Британского резидента Нокса, как говорил на суде Анненков, белое офицерство, торгаши, промышленники, отцы города принимали в Новониколаевске намного пышнее и хлебосольнее, чем самого Колчака. Свидетельствуя это унижение, Анненков был скорбно неистов и презрителен. Но вот рисуя картину собственного приема им генерала Дюреля, инспектировавшего Черкасскую осаду в Семиречье в тот момент, когда сомнительной была сама возможность возвращения Дюреля в царство Колчака - к Омску подходили красные, - Анненков был уже попросту растерян. Приходилось признаваться в вещах, куда более унизительных для русского престижа, чем новониколаезский прием Нокса.
И потому, когда Матогонов, бывший его солдат, говорил в суде о шинелях японского сукна, о нерусских портянках и чужедальних сапогах, что носили анненков-цы, подсудимый, полуобернувшись на голос, принимал изготовку, чем-то напоминавшую позу боксера, и, задавая вопросы прокурорского, наступательного характера, искал реванша за одиночество и позор перед всеми, за проигрыш всем, за необходимость говорить то, о чем так не хотелось говорить.

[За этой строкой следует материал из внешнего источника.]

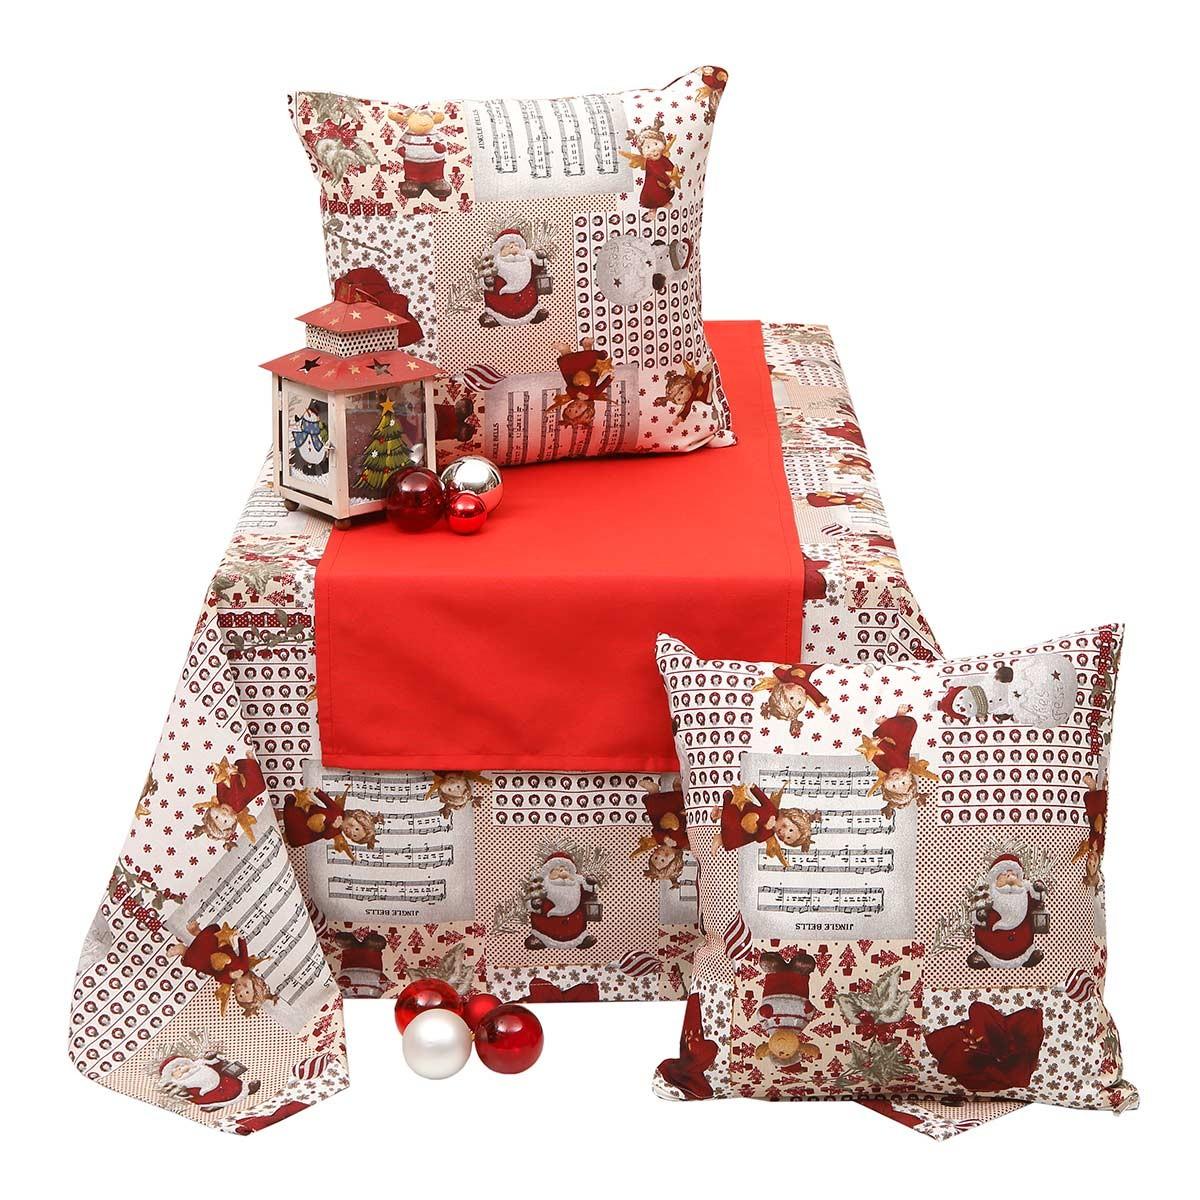 Χριστουγεννιάτικες Τραβέρσες (Σετ 2τμχ) Viopros 4435 home   χριστουγεννιάτικα   χριστουγεννιάτικες τραβέρσες

Коренной семиреченец, военком кавполка Красной Армии Василий Довбня писал следователю:
«При позорном своем бегстве в Китай Анненков оставил за собой широкий и длинный кровавый след. На протяжении более двухсот верст от села Глинского по берегам озер Ала-Куля и Джаланаш-Куля вплоть до Джунгарских ворот (последний перевал на пути в Китай) дорога была усеяна трупами. Жуткая картина!…
Около озера Джаланаш-Куль летают тысячи громадных грифов, прилетевших из соседней пустыни Гоби заканчивать кровавый пир «восстановителя мира и порядка» - атамана Анненкова…»
Так он уходил из России.
Пришел по трупам, уходил по трупам.
Он катил на итальянских колесах - на «Фиате», людей секли французские пулеметы, люди лежали, одетые в чужое: в японский молескин, в грубые солдатские рубахи, пошитые американками, орудия, что лошади тащили в гору, чтобы тут же скатиться в Китай, - английские, кривые шашки ездовых - канадские и турецкие, палатки на снежном перевале в торговых клеймах Франции…
Чья это армия? Русская? Да полноте!
* * *
Болдыреву отряд Анненкова рисовался когортой равных и мужественных, чутко повинующейся воле атамана. По мнению Гинса, это были братья по духу. Вольница.
Что же сказал на этот счет процесс в Семипалатинске?
…В девятнадцатом году по весне ледовый покров Иртыша провис и покололся как-то враз при первом хорошем пригреве, и тогда на песочек из темной осевшей воды вынесло двух утопленников. Лежали они в обнимку, как преданные братья. Один - на спине, здоровенный лейб-атаманец в черной папахе, туго увязанный в башлык с позументами, усатый, носатый, при шашке и кольте в деревянной кобуре, другой -.на боку, длиннорукий мальчишка-красноармеец, босой, голова острижена наголо.